The issue is that atomic_min!
is a write operation that needs to take ownership of the cache-line. Many cores hitting the same cache-line with atomic_min!
will absolutely hammer it.
The easiest way would be to have stopCondition = Threads.Atomic{Bool}(false)
and then check it in each iteration.
If you need the current known global minimum, in order to speed up e.g. branch-and-bound algorithms, then you can do
globalMin::Threads.Atomic{UInt64}
for candidate in candidates_in_this_task
globalMin[] == 0 && break
result = compute_stuff(candidate, globalMin[])
if result < globalMin[]
atomic_min!(globalMin, result)
end
end
It is illustrative to compare
julia> atomic_variant(globMin, m) = begin Threads.atomic_min!(globMin, m); 0 end
atomic_variant (generic function with 1 method)
julia> @code_native atomic_variant(Threads.Atomic{Int}(0), 0)
.text
.file "atomic_variant"
.globl julia_atomic_variant_258 # -- Begin function julia_atomic_variant_258
.p2align 4, 0x90
.type julia_atomic_variant_258,@function
julia_atomic_variant_258: # @julia_atomic_variant_258
; ┌ @ REPL[29]:1 within `atomic_variant`
.cfi_startproc
# %bb.0: # %top
pushq %rbp
.cfi_def_cfa_offset 16
.cfi_offset %rbp, -16
movq %rsp, %rbp
.cfi_def_cfa_register %rbp
; │┌ @ atomics.jl:405 within `atomic_min!`
movq (%rdi), %rax
.p2align 4, 0x90
.LBB0_1: # %atomicrmw.start
# =>This Inner Loop Header: Depth=1
cmpq %rsi, %rax
movq %rsi, %rcx
cmovleq %rax, %rcx
lock cmpxchgq %rcx, (%rdi)
jne .LBB0_1
# %bb.2: # %atomicrmw.end
; │└
xorl %eax, %eax
popq %rbp
.cfi_def_cfa %rsp, 8
retq
.Lfunc_end0:
.size julia_atomic_variant_258, .Lfunc_end0-julia_atomic_variant_258
.cfi_endproc
; └
# -- End function
.section ".note.GNU-stack","",@progbits
julia> speculative_variant(globMin, m) = begin m < globMin[] && Threads.atomic_min!(globMin, m); 0 end
speculative_variant (generic function with 1 method)

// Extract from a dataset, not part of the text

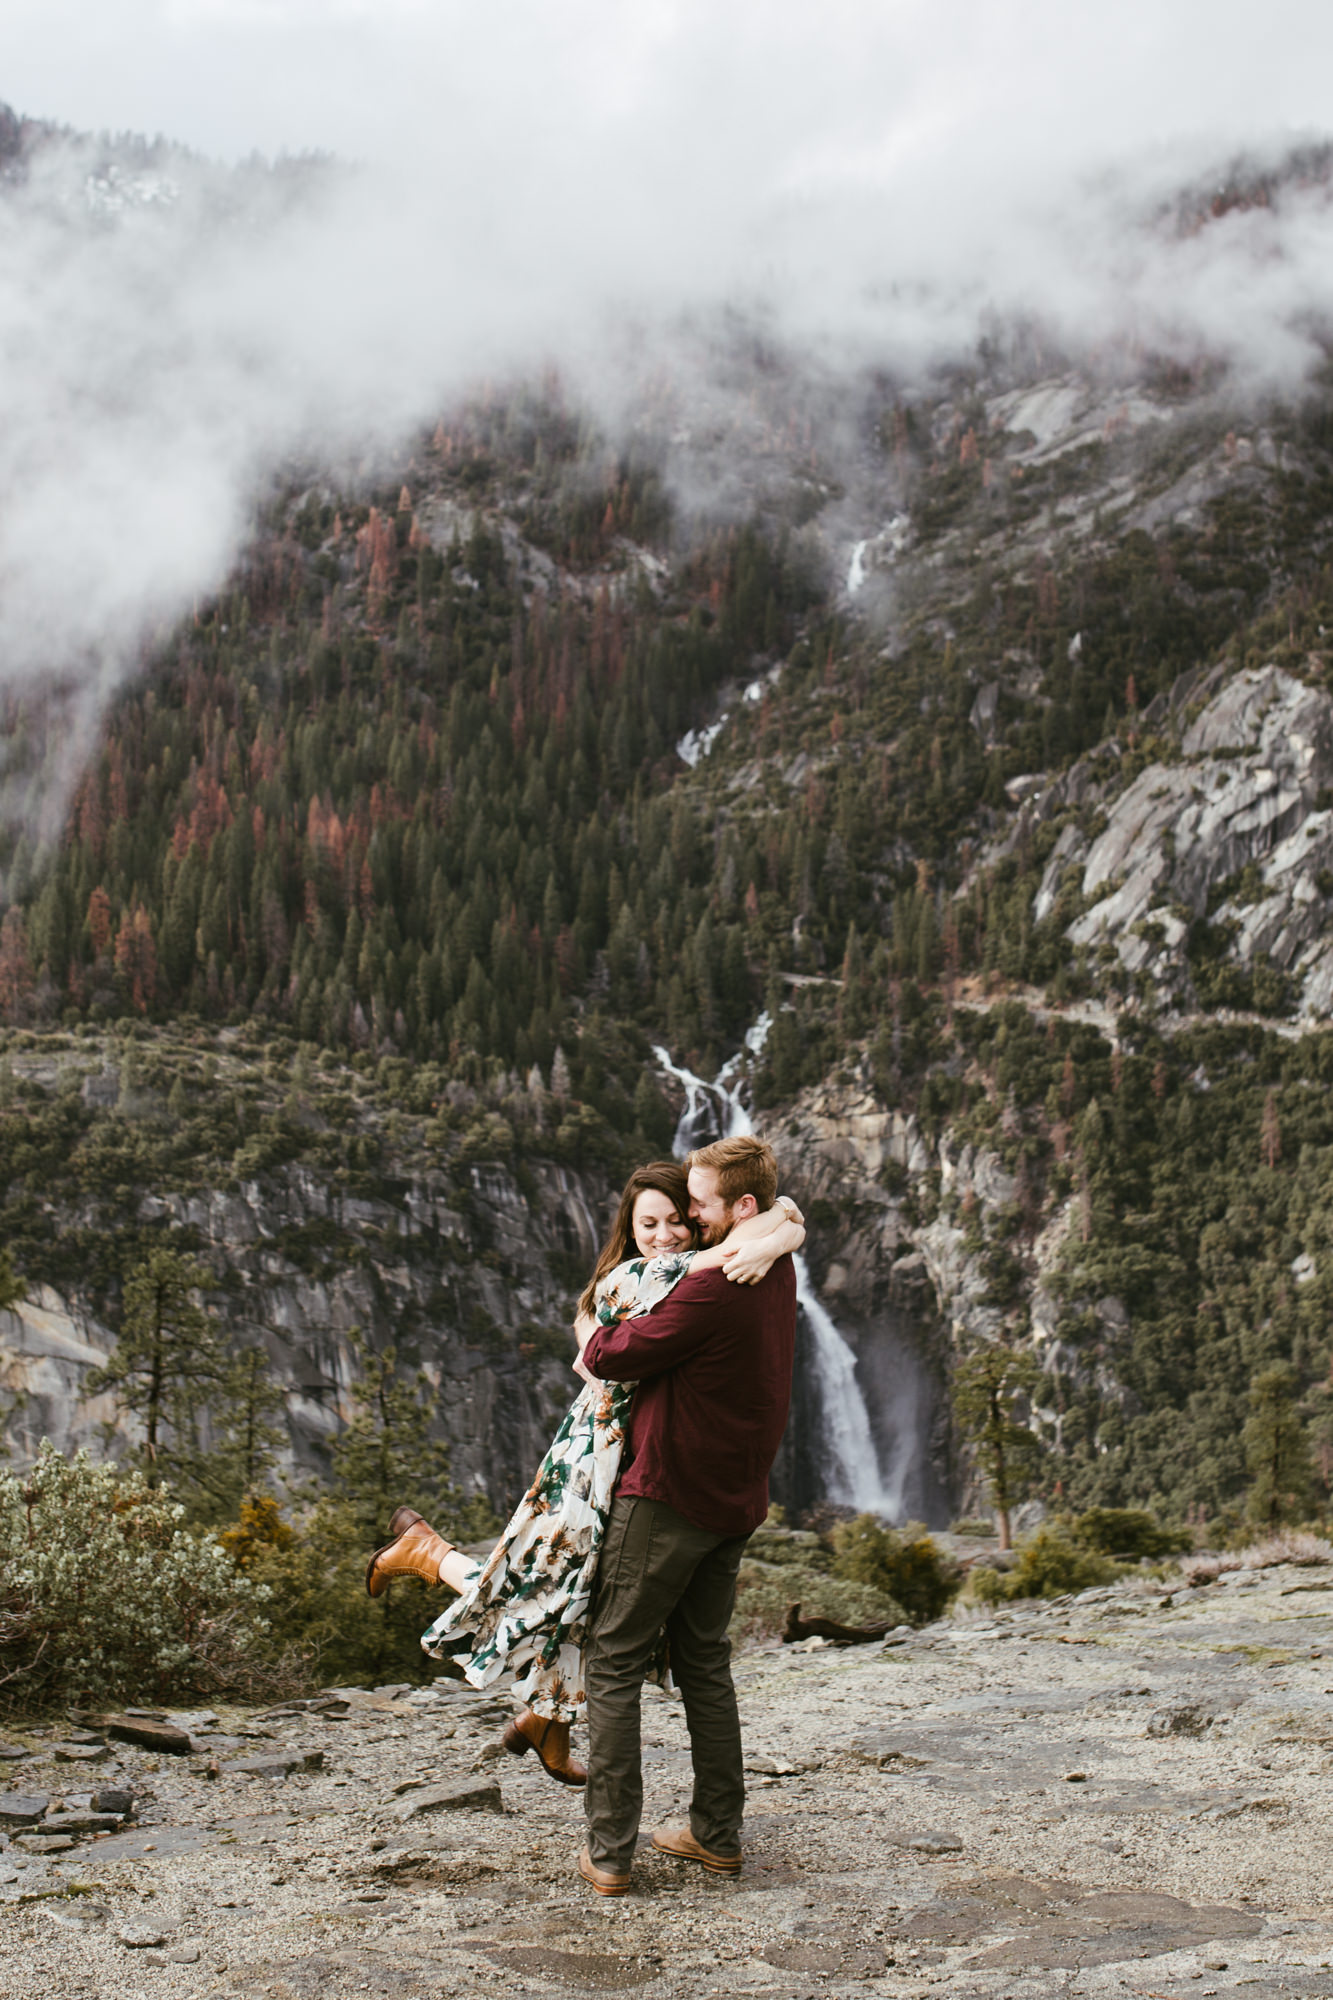 yosemite national park foggy engagement session | destination engagement photo inspiration | utah adventure elopement photographers | the hearnes adventure photography | www.thehearnes.com
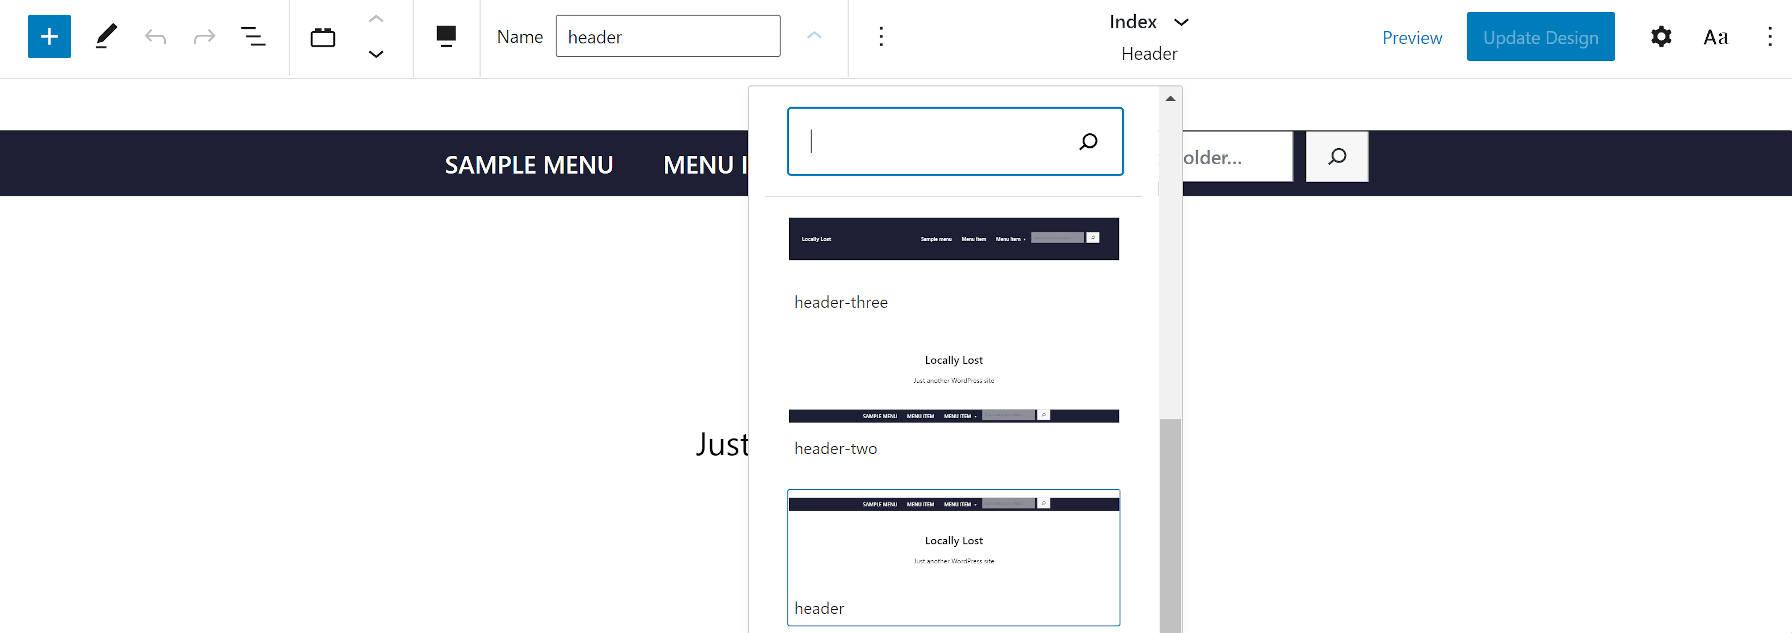 Armando WordPress主题提供了对全站点编辑当前状态的了解2 Armando WordPress主题提供了对全站点编辑当前状态的了解

julia> @code_native speculative_variant(Threads.Atomic{Int}(0), 0)
.text
.file "speculative_variant"
.globl julia_speculative_variant_261 # -- Begin function julia_speculative_variant_261
.p2align 4, 0x90
.type julia_speculative_variant_261,@function
julia_speculative_variant_261: # @julia_speculative_variant_261
; ┌ @ REPL[30]:1 within `speculative_variant`
.cfi_startproc
# %bb.0: # %top
pushq %rbp
.cfi_def_cfa_offset 16
.cfi_offset %rbp, -16
movq %rsp, %rbp
.cfi_def_cfa_register %rbp
; │┌ @ atomics.jl:358 within `getindex`
movq (%rdi), %rax
; │└
; │┌ @ int.jl:83 within `<`
cmpq %rsi, %rax
; │└
jle .LBB0_3
# %bb.1: # %L8
; │┌ @ atomics.jl:405 within `atomic_min!`
movq (%rdi), %rax
.p2align 4, 0x90
.LBB0_2: # %atomicrmw.start
# =>This Inner Loop Header: Depth=1
cmpq %rsi, %rax
movq %rsi, %rcx
cmovleq %rax, %rcx
lock cmpxchgq %rcx, (%rdi)
jne .LBB0_2
.LBB0_3: # %L13
; │└
xorl %eax, %eax
popq %rbp
.cfi_def_cfa %rsp, 8
retq
.Lfunc_end0:
.size julia_speculative_variant_261, .Lfunc_end0-julia_speculative_variant_261
.cfi_endproc
; └
# -- End function
.section ".note.GNU-stack","",@progbits
The speculative variant is only correct because your global_min is non-increasing. But it is much faster because it doesn’t cause contention in the typical case where the CPU correctly speculates that you don’t have to change it.
(even if you don’t have to decrease globMin
, you still cause cache contention if your CPU branch-predicts a decrease. Spectre FTW!)
PS. The above is for x86. I am not sure about performance implications of the atomic load on arm / powerpc. You might need more tricks there. Sorry, I’m really not up-to-date with atomics perf on arm.